When the bts tracer is removed while the traced task is running,
the write to clear the bts tracer pointer races with context switch code.
Read the tracer once during a context switch.
When a new tracer is installed, the bts tracer is set in the ds context
before the tracer is initialized in order to claim the context for that
tracer.
This may result in write accesses using an uninitialized trace configuration
when scheduling timestamps have been requested.

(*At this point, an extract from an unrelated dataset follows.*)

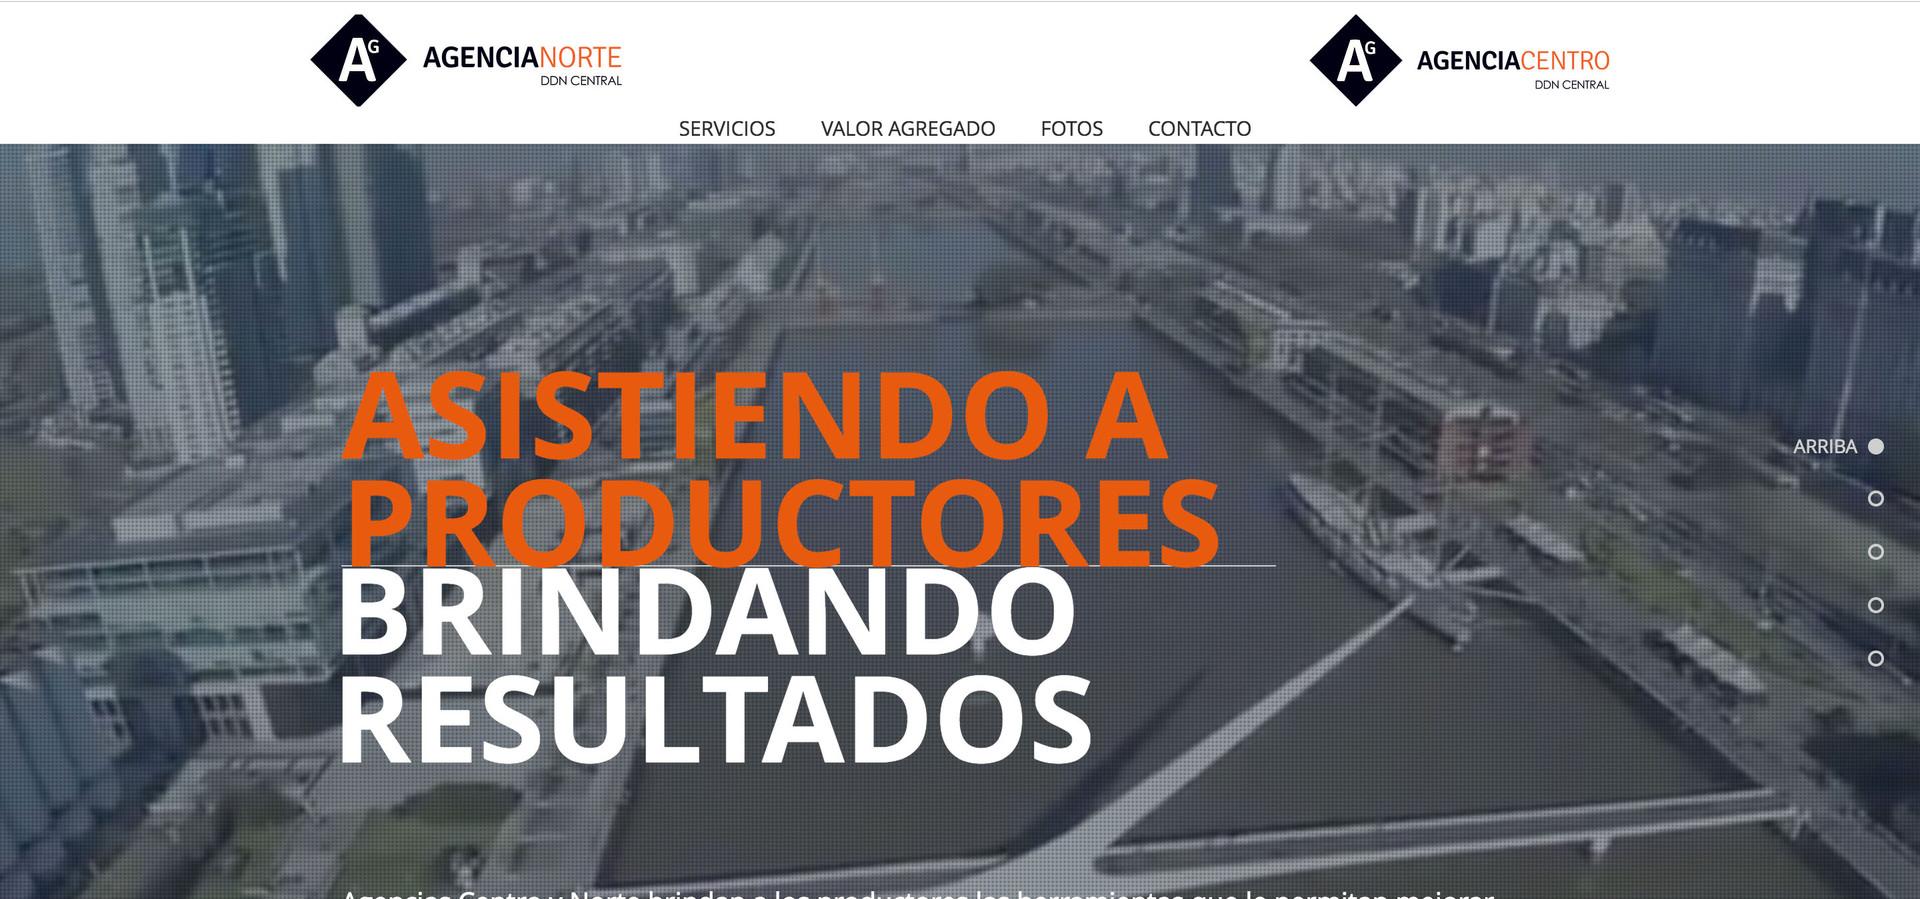 Agencias - Web

Store active tracing flags separately and only set active flags after
the tracing configuration has been initialized.
Signed-off-by: Markus Metzger <[email protected]>
---
Index: git-tip/arch/x86/kernel/ds.c
===================================================================
--- git-tip.orig/arch/x86/kernel/ds.c 2009-03-30 17:47:21.000000000 +0200
+++ git-tip/arch/x86/kernel/ds.c 2009-03-30 17:48:31.000000000 +0200
@@ -89,6 +89,9 @@ struct bts_tracer {
/* Buffer overflow notification function: */
bts_ovfl_callback_t ovfl;
+
+ /* Active flags affecting trace collection. */
+ unsigned int flags;
};
struct pebs_tracer {
@@ -799,6 +802,8 @@ void ds_suspend_bts(struct bts_tracer *t
if (!tracer)
return;
+ tracer->flags = 0;
+
task = tracer->ds.context->task;
if (!task || (task == current))
@@ -820,6 +825,8 @@ void ds_resume_bts(struct bts_tracer *tr
if (!tracer)
return;
+ tracer->flags = tracer->trace.ds.flags;
+
task = tracer->ds.context->task;
control = ds_cfg.ctl[dsf_bts];
@@ -1044,36 +1051,39 @@ void ds_switch_to(struct task_struct *pr
{
struct ds_context *prev_ctx = prev->thread.ds_ctx;
struct ds_context *next_ctx = next->thread.ds_ctx;
+ unsigned long debugctlmsr = next->thread.debugctlmsr;
if (prev_ctx) {
+ struct bts_tracer *tracer = prev_ctx->bts_master;
+
update_debugctlmsr(0);
- if (prev_ctx->bts_master &&
- (prev_ctx->bts_master->trace.ds.flags & BTS_TIMESTAMPS)) {
+ if (tracer && (tracer->flags & BTS_TIMESTAMPS)) {
struct bts_struct ts = {
.qualifier = bts_task_departs,
.variant.timestamp.jiffies = jiffies_64,
.variant.timestamp.pid = prev->pid
};
- bts_write(prev_ctx->bts_master, &ts);
+ bts_write(tracer, &ts);
}
}
if (next_ctx) {
- if (next_ctx->bts_master &&
- (next_ctx->bts_master->trace.ds.flags & BTS_TIMESTAMPS)) {
+ struct bts_tracer *tracer = next_ctx->bts_master;
+
+ if (tracer && (tracer->flags & BTS_TIMESTAMPS)) {
struct bts_struct ts = {
.qualifier = bts_task_arrives,
.variant.timestamp.jiffies = jiffies_64,
.variant.timestamp.pid = next->pid
};
- bts_write(next_ctx->bts_master, &ts);
+ bts_write(tracer, &ts);
}
wrmsrl(MSR_IA32_DS_AREA, (unsigned long)next_ctx->ds);
}
- update_debugctlmsr(next->thread.debugctlmsr);
+ update_debugctlmsr(debugctlmsr);
}
void ds_copy_thread(struct task_struct *tsk, struct task_struct *father)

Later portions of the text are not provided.